Blues v Brumbies: Who is the Boss?
Cotter does not like his teams too happy; he wants them a bit angry. He and Craig McGrath (defence), Jason O’Halloran (attack), and veteran Wellington lock Paul Trio like to pick and stick. He wants pride. He wants grunt.
At times Hoskins Sotutu, Dalton Papali’i and Akira Ioane seemed determined to rob foes of their souls. Sotutu in particular may have sped Ardie Savea’s return from Japan. His arms seem to keep getting longer, his hands palming the Gilbert like a tennis ball, and over a thousand minutes, more highlights than a K Pop band’s hair. Papali’i has shed his nice guy vibe. Ioane is leaving to make a few bucks in France and perhaps qualify for another nation, so he will bring fire.
Mark Telea and Caleb Clarke are as lethal as any wing duo, including the Top 14, but it is the unheralded Harry Plummer (1,102 minutes) who is surpassing expectations. Some will say he had a cushioned ride behind the bruising boys up front, who kicked the front door down, stomped on it, flipped the divans, and rammed the fridge into oblivion (yet evading arrest) before he had to direct his potent backline with AJ Lam and now Stephen Perofeta backing him up. But this sells him short; Plummer plugged the leaks and found the fix.

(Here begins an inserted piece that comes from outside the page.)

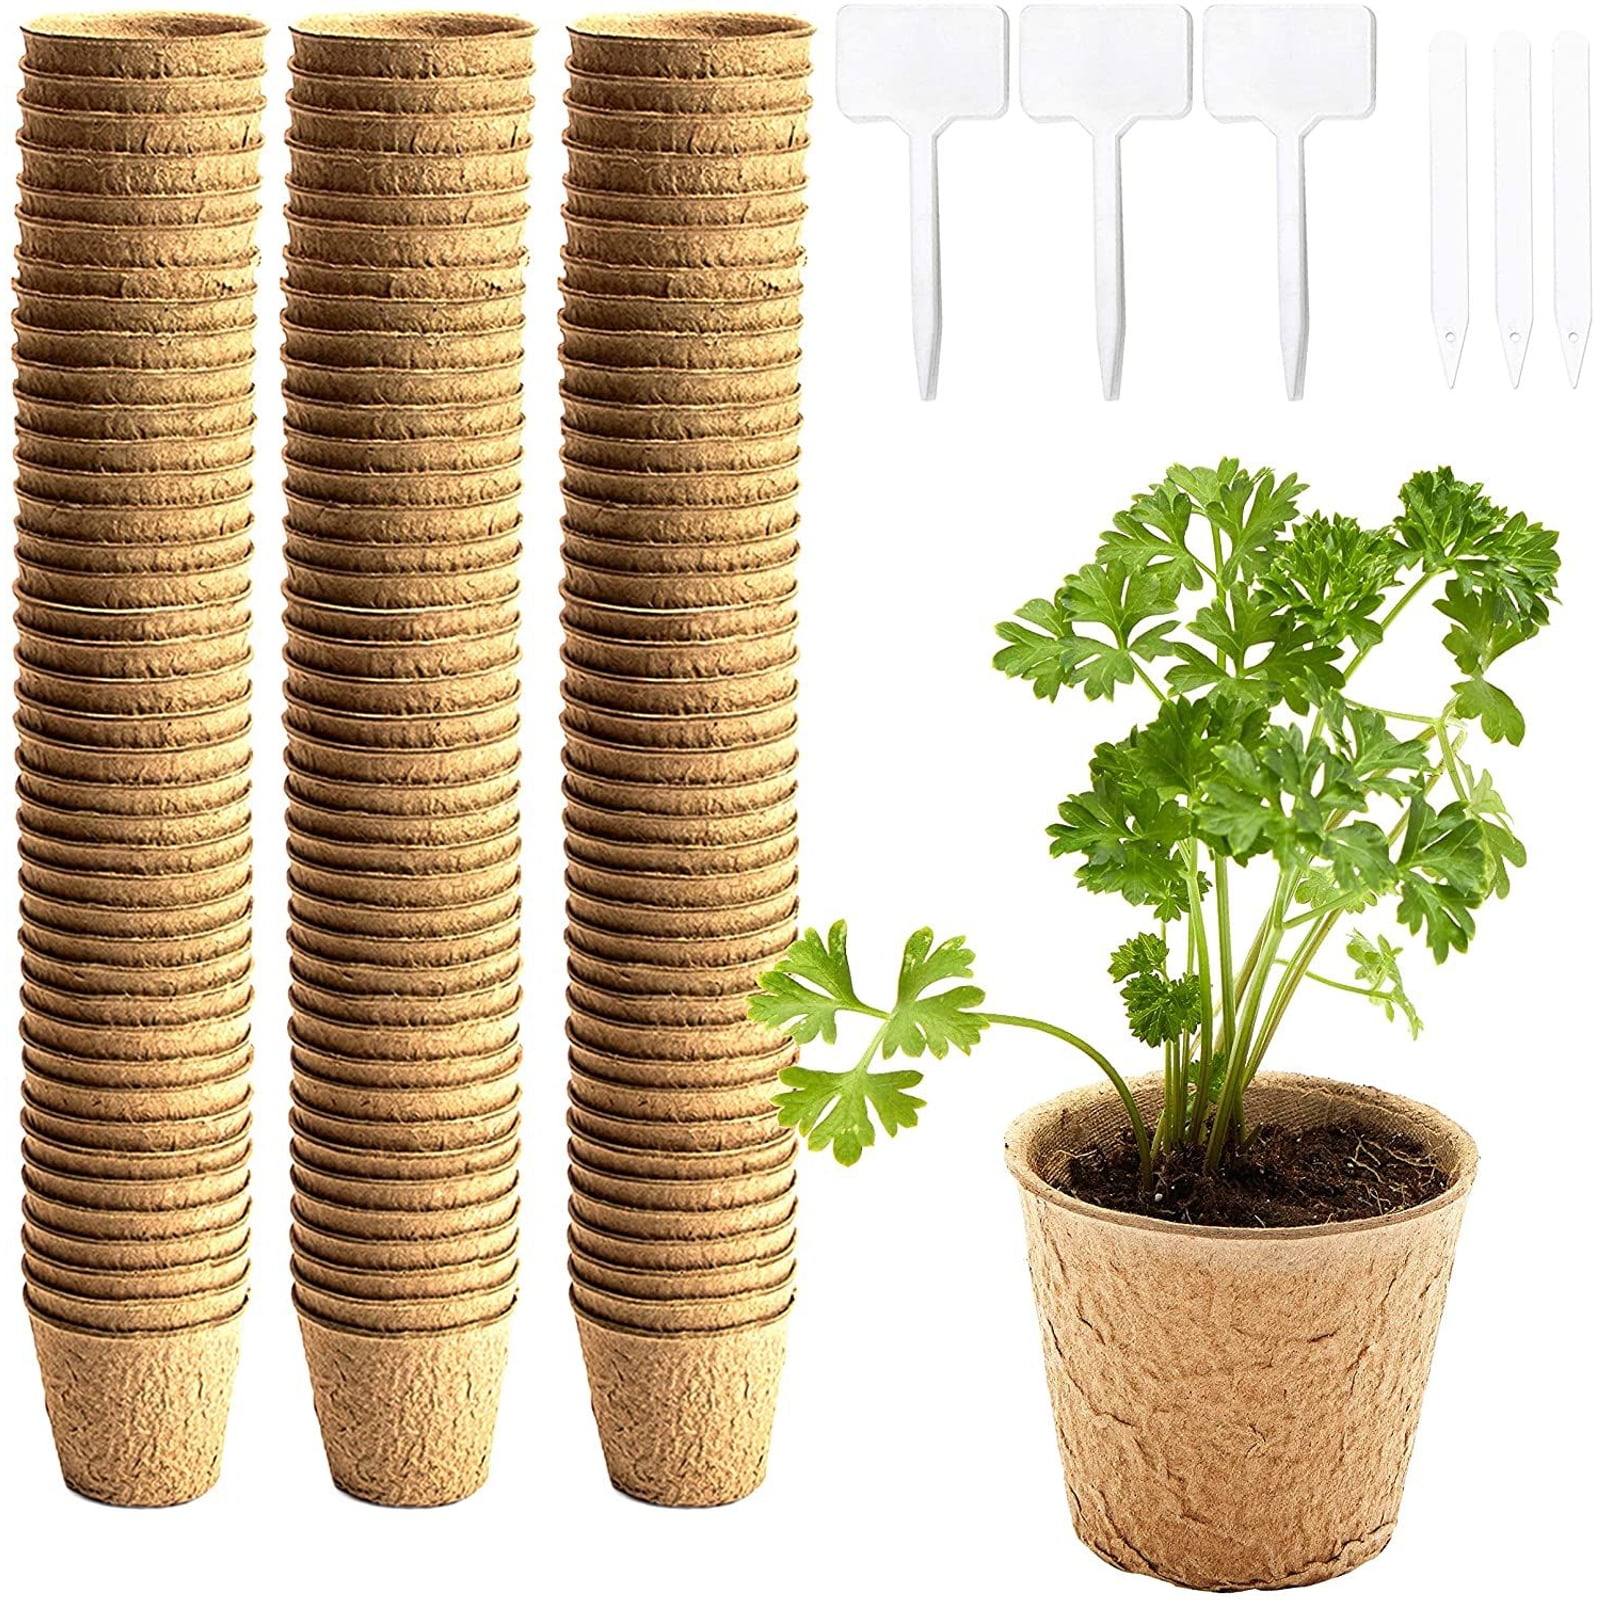 Aohcae Seed Starter Trays 2pcs Seedlings Dibbers and 50pcs Plant Labels for Home Garden Greenhouse 12pcs 10 Cells Biodegradable Pots Seed Starter Trays

He will face a canny operator in Lolesio and his mentor Bernie Larkham (he of the most modest 60% long time winning record in rugby). If one of these teams is to wrest territorial control of the semi it will likely be because one of the tens had an off day.
Pressure changes all of us; this time it is Lolesio who is the ‘been there done that’ flyhalf in the equation, even if he was rather foolishly deemed the fourth best ten in Australia last year by a sour old man whose surname rhymes with bones.

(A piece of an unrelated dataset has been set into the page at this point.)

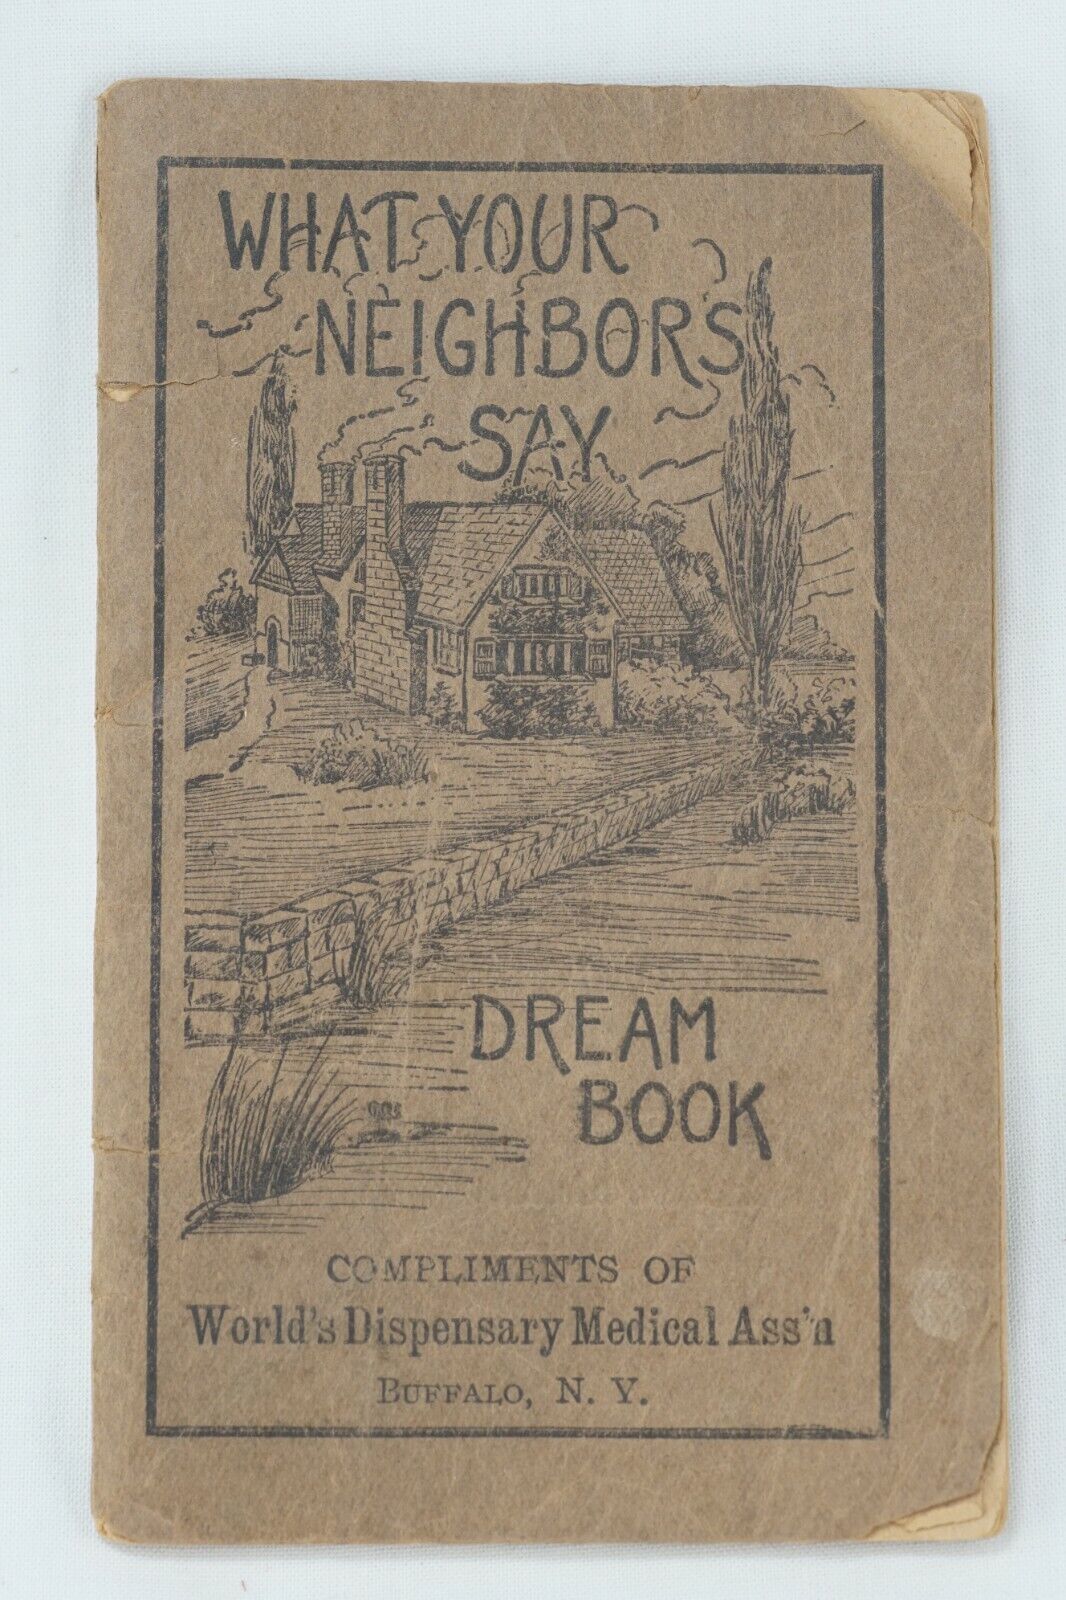 Antique World's Dispensary Medical Ass'n, What Your Neighbors Say, Dream Book

Pack coach Ben Mowen might be one of the unsung heroes of the Brumbies season, but John Ulugia, Rod Seib and Larkham himself will be concerned with discipline.

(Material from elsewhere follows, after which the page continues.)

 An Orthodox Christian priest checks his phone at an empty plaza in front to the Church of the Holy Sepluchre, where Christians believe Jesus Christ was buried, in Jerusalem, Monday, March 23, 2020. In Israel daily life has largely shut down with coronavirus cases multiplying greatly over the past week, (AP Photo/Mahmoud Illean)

If the Blues play their best game of the season they will win, no matter what the Brumbies do, but one thing the Canberra outfit knows how to do is help a foe play their worst game.
Muck the ruck, slash the tyres, wreck the spokes, make tackles as long as league, turn the jackler into a tackler, and turn the breakdown into a Pocock senatorial inquest. Kick with purpose, launch feral chase stampedes, and turn al dente Durbanite Ricci Riccitelli into kryptonite pasta; or something like that, in more of a Lord Laurie Fisher vernacular.
The Super Rugby Pacific playoffs kick off now and when the dust settles we will have our finalists. Warts and all, rebellions put down, crusades cancelled, and Lautaka the new Christchurch, this competition lurches into a climax of class.
These four teams are all in the top 12 in the world and on Sunday two of them will likely be top five.